* Dataset extract:

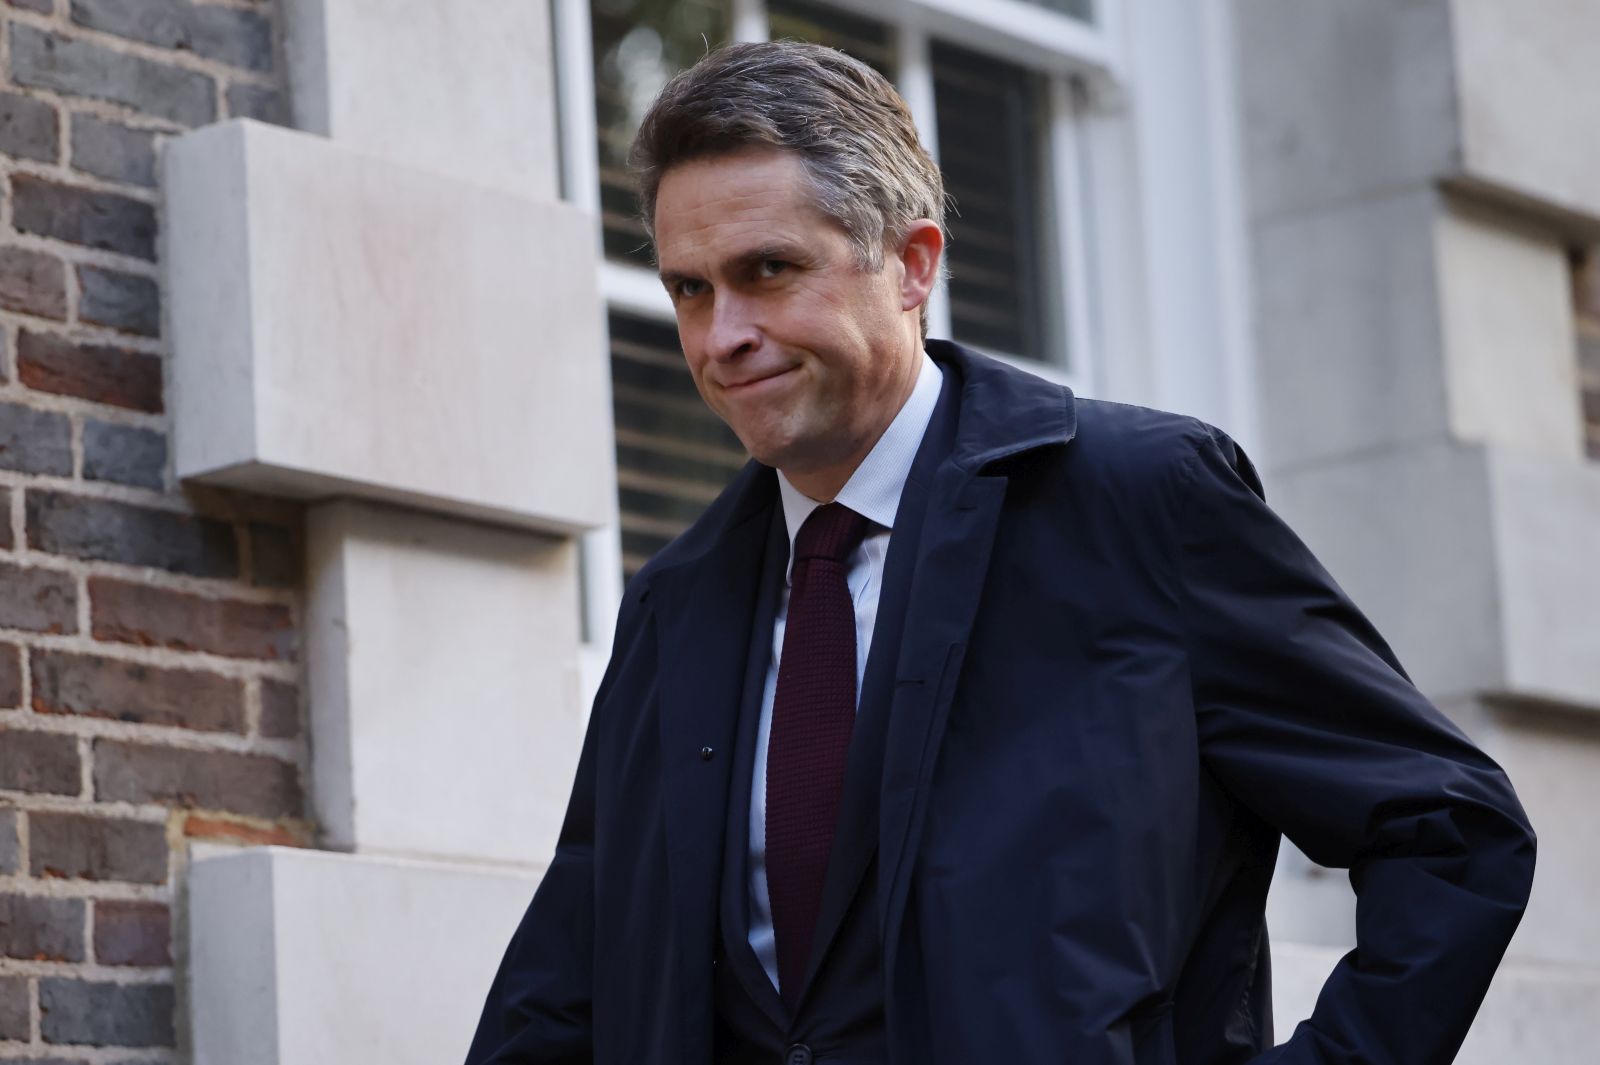 epa10294801 (FILE) - British MP Gavin Williamson arrives at Sunak's office in London, Britain, 24 October 2022 (reissued 08 November 2022). Gavin Williamson on 08 November 2022 announced his resignation as Minister of State without Portfolio over "an ongoing complaints process regarding text messages" and allegations of bullying.  EPA/TOLGA AKMEN
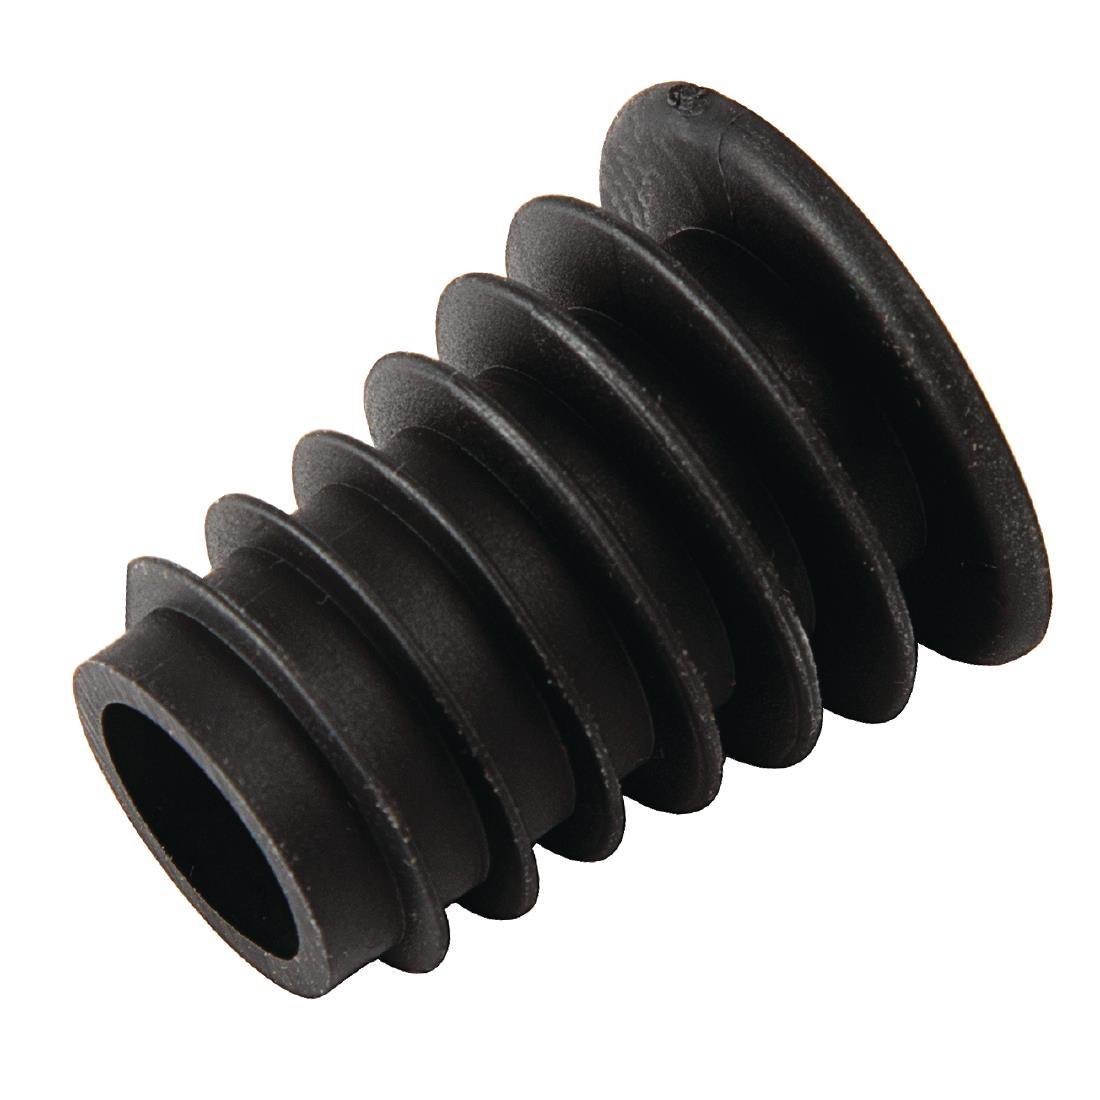 Beaumont Replacement Optic Inserts (Pack of 20) - GK109  - 1
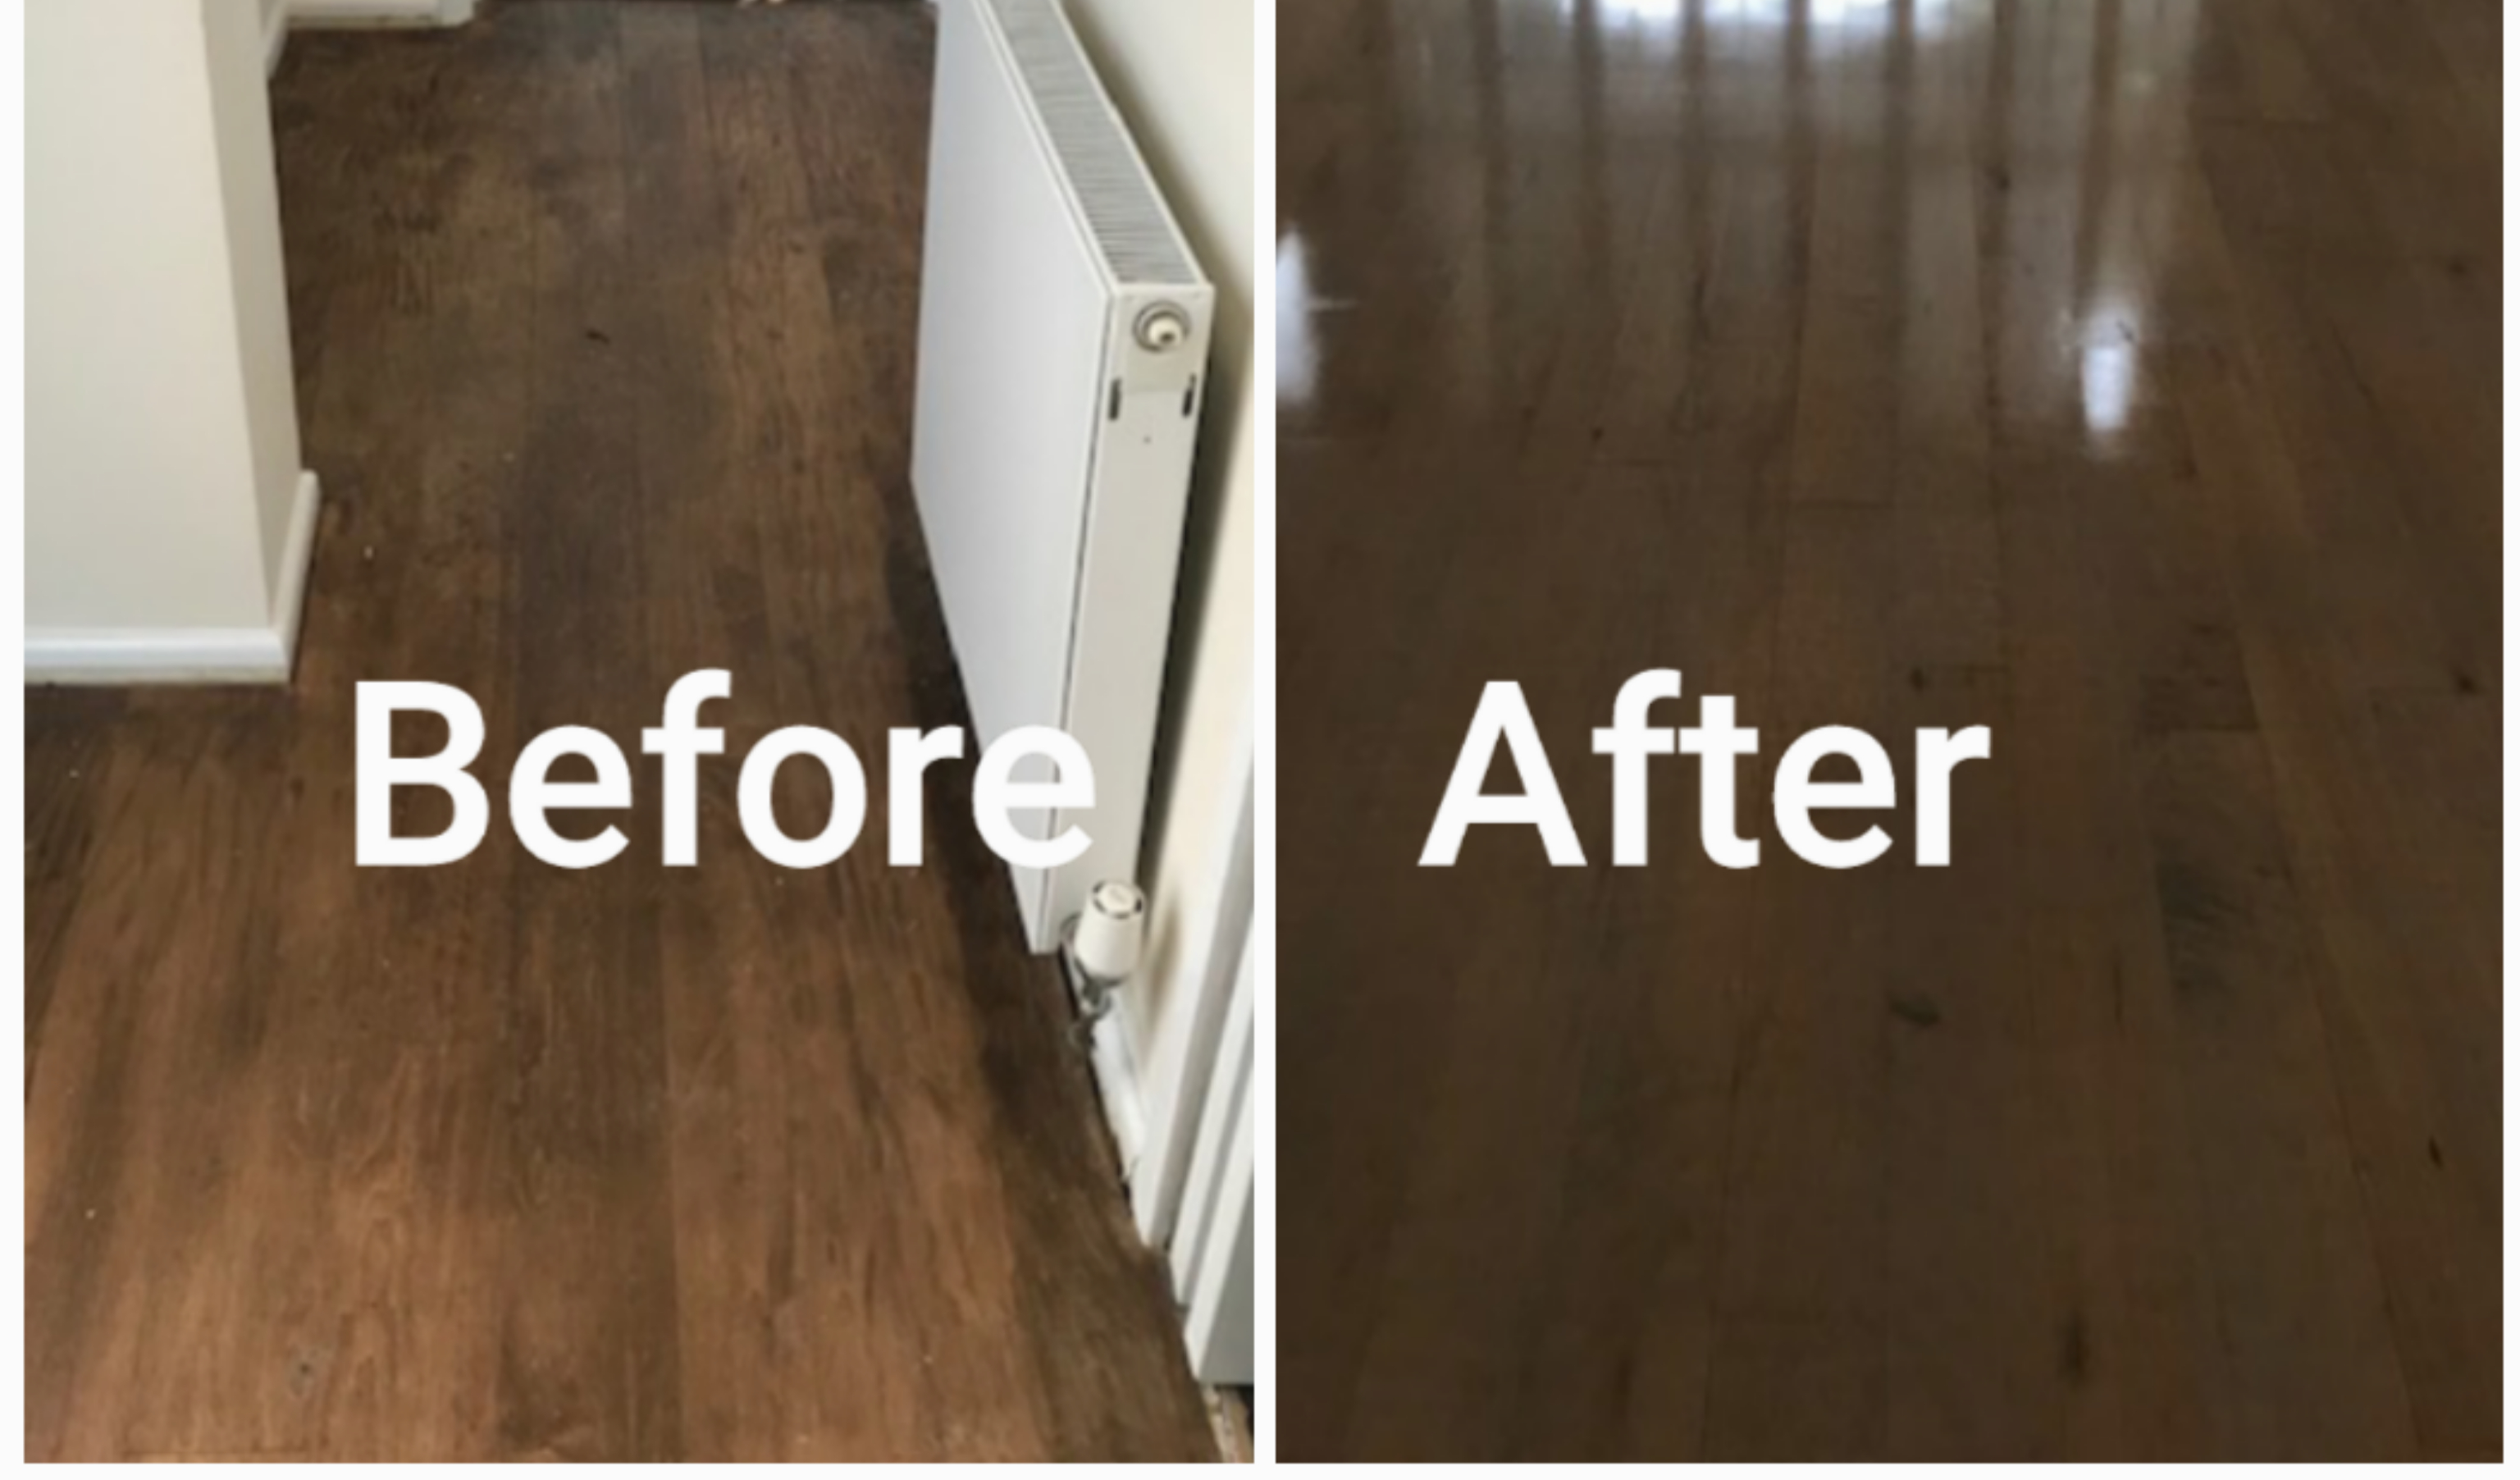 Dustless sanding and sealing with lacquer, Windsor

* Problem description: Keep every word of the lines above unchanged in the copy, and omit the pictures.

* Response for this exercise:
 epa10294801 (FILE) - British MP Gavin Williamson arrives at Sunak's office in London, Britain, 24 October 2022 (reissued 08 November 2022). Gavin Williamson on 08 November 2022 announced his resignation as Minister of State without Portfolio over "an ongoing complaints process regarding text messages" and allegations of bullying.  EPA/TOLGA AKMEN
 Beaumont Replacement Optic Inserts (Pack of 20) - GK109  - 1
 Dustless sanding and sealing with lacquer, Windsor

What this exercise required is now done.